Are We Improving on Silence? Search Engine Advertising Edition
Let’s say you are doing your first online advertising campaign. The first terms you advertise in the search engine listing is your organization’s name. Or the first audience you advertise to on the social networks are the people who are already your fans.
This makes perfect sense. In the land of concentric circles on a PowerPoint slide, these are the closest in – your favorite people and your most popular search term. And over time, your wise judgement is validated. Your brand terms have your highest click-through rates. And the people who like you the most on social media, shockingly, like you the most in terms of clicking through on your ads. Yay! Raises for everyone!
Except… those are the people most likely to have clicked through whether you placed the ad or not. Are you just getting the people who would have come to your site anyway, except paying for the experience?
eBay wanted to find out (here’s the study we’ll talk about).

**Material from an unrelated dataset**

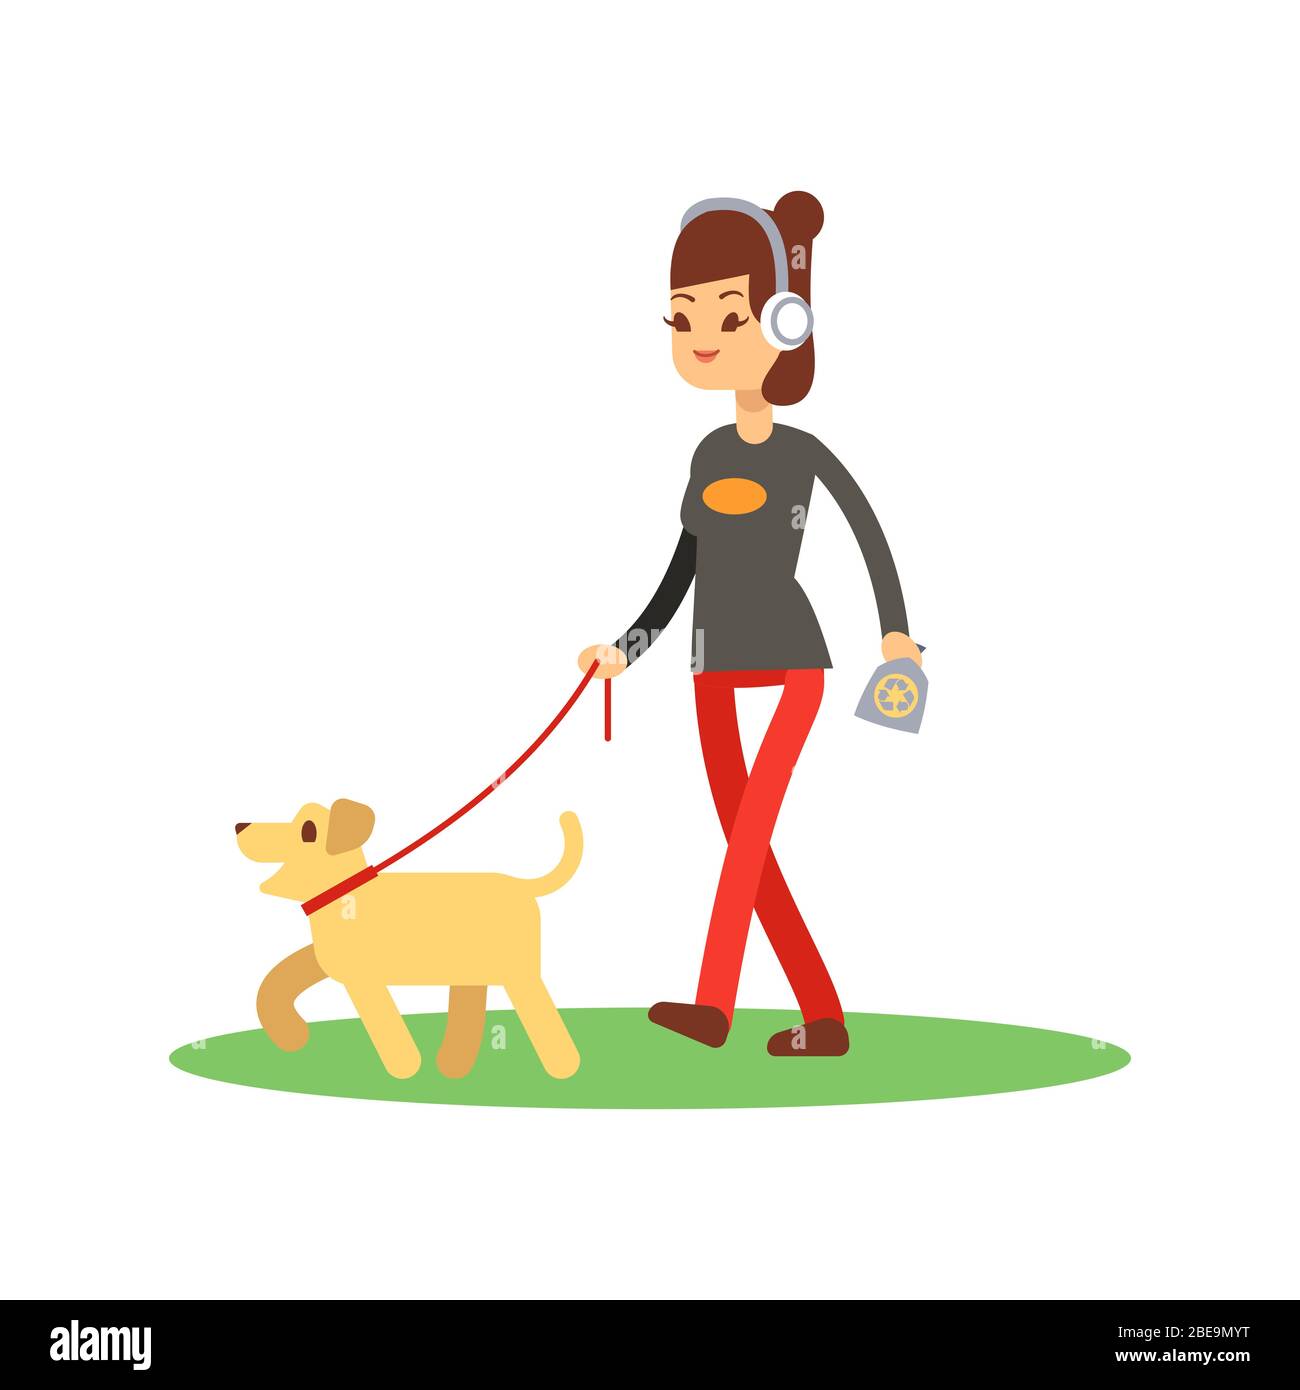 Hunde sauber Walking Konzept - Mädchen Spaziergänge Hund isoliert auf weiß. Vektorwandern mit Hundebilder Stock Vektor
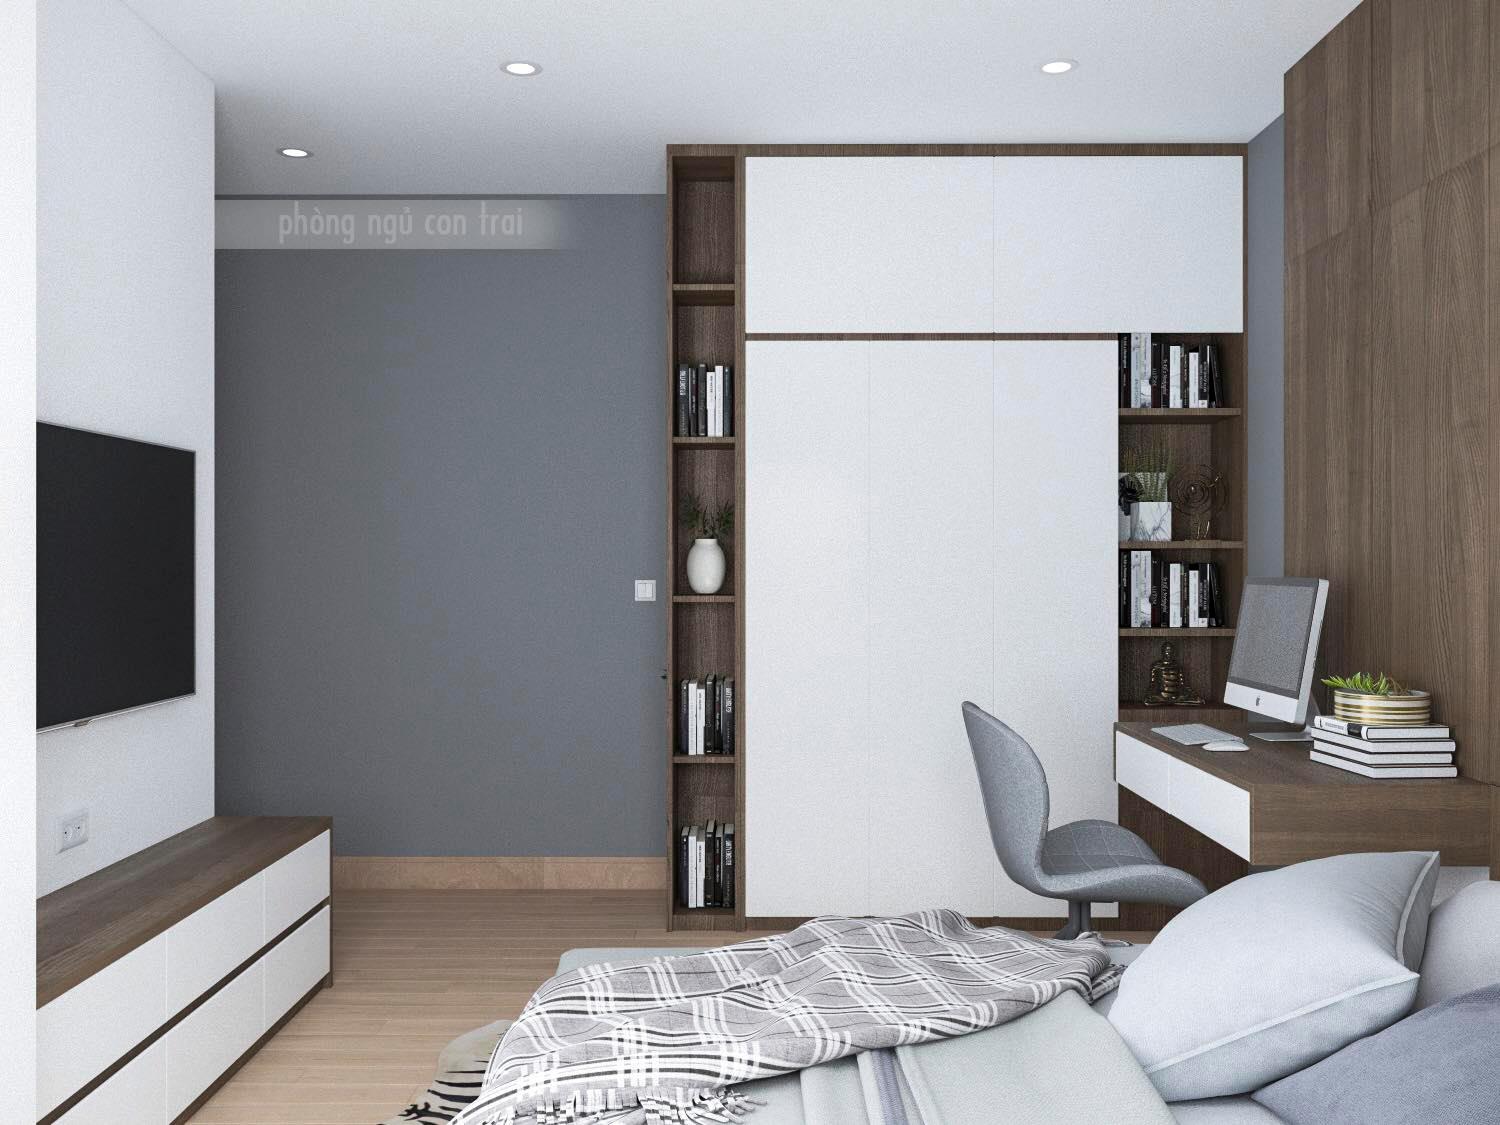 Thiết kế nội thất phòng ngủ tổng màu trầm xám nam tính 3D mang đến cho bạn một không gian tràn đầy sức sống. Màu sắc phòng ngủ được lựa chọn tỉ mỉ và kết hợp hoàn hảo giữa những tông màu trầm và nổi bật. Đó sẽ là một không gian phù hợp cho những chàng trai đang tìm kiếm một không gian sống đầy phong cách và cá tính.

For those who don’t remember the Google of over a decade ago, you could not swing a Beanie Baby or piece of toast with a burn vaguely the shape of the Virgin Mary without seeing an eBay ad for whatever product you sought.
So they stopped advertising on their brand name. How much traffic do you think they lost from search engines?
Wrong. Lower.
Turns out only .5% of traffic was lost (.529% to be precise). The remaining 99.5% of search traffic found that eBay was, not shockingly, still the first result when you searched “eBay” and clicked it anyway.
What about non-brand keywords? Turns out eBay is the perfect place to test this, because they have a pretty big number of products and, thus, keywords. They went cold turkey– no ads in 30% of the media markets in the United States. Attributed sales – sales coming in within 24 hours of clicking on a Google ad link – dropped 72%. (Why not 100%? According to the authors: “The remaining ad sales from test DMAs are an artifact of the error both in Google’s ability to determine a user’s location and our determination of the user’s location.”)
OK, that’s attributed sales. How did total sales go? The entire regime of paid ads added only .66% to total sales.
As with branded ads, people generally found their way to eBay whether they received advertising or not. Why? Even people who bought from eBay 50 times a year or more used paid search ad links to make 4% of their purchases. In other words, the ads were bringing in people who would have purchased anyway. When those ads went away, people still found their way there – every 1% drop in search engine ad clicks was associated with a .5% increase in natural search visits and a .23% increase in direct navigation.
So when eBay had been looking at direct attribution, it thought it had 1500% ROI on its ads. When they actually turned off the ads, they found they had been getting a negative 63% ROI. Bit of a difference.
Thus, this week’s theme: are we improving on silence? So many of the tests we run are this versus that. We rarely test this versus nothing. Replace “sales” above with “donations” and “search engine listings” with, well, anything and you could be making the same errors as eBay was (which isn’t bad company to be in, marketing-wise).
Nor do we see the flip side of that coin. The board that says “cut off mail– we’ll do it all online” soon finds out how many of its online donations were driven or at least prompted by mail. And vice versa. DRTV is well-known for not only bringing in direct revenue but having glorious spillover into mail and online channels. And so on.
The trick is that A versus B will never get you to this type of testing. Only by being willing to test something versus nothing will tell you if your rising tide lifts all boats or sinks them. We’ll see into which category social media advertising falls on Wednesday.
Nick
P.S. A sneak preview of Wednesday’s post – we don’t do this type of testing in part because it’s hard. Facebook, Google, et al make it easy to do A v B because they get paid either way. If you are interested in a methodology for testing something versus nothing online, check out this analysis of ghost ads.
P.P.S. Would this have been the same case for someone who wasn’t eBay and thus not likely to be listed at or near the top of organic search listings? Probably not. Thus, your mileage, as always, will vary even as your need to test it doesn’t vary.
We also have ecommerce clients and like this eBay post, we find that each sector can learn from the other. A recent test by Wayfair added printed postcards to 50% of those who abandoned carts for an 11% increase in revenue above their “digital only” strategies. The cards mailed within 24 hours. A something versus, nothing test. Adding print was a clear winner.
This would be a technique for donation-form abandonment on the nonprofit side. Has anyone run such a test?
I’ll do a free test with anyone willing to give it a shot and allow sharing of the results, here and elsewhere. The only cost will be postage. In Canada I might even get Canada Post to share some of that cost. We will do 50% with a card and 50% without and see what the results are.
What would the postcard say, Nick? “Sorry our payment protocol is so obtuse you were frustrated and left”?
It certainly would have the benefit of honesty… 🙂
I would think you’d pitch the need for the gift and give them a couple different ways to make the gift (phone, mail, and a special online URL, I’d think). That way, if it was because of form issues, they can make it another way; if it was just hesitation, you can get them back on the site.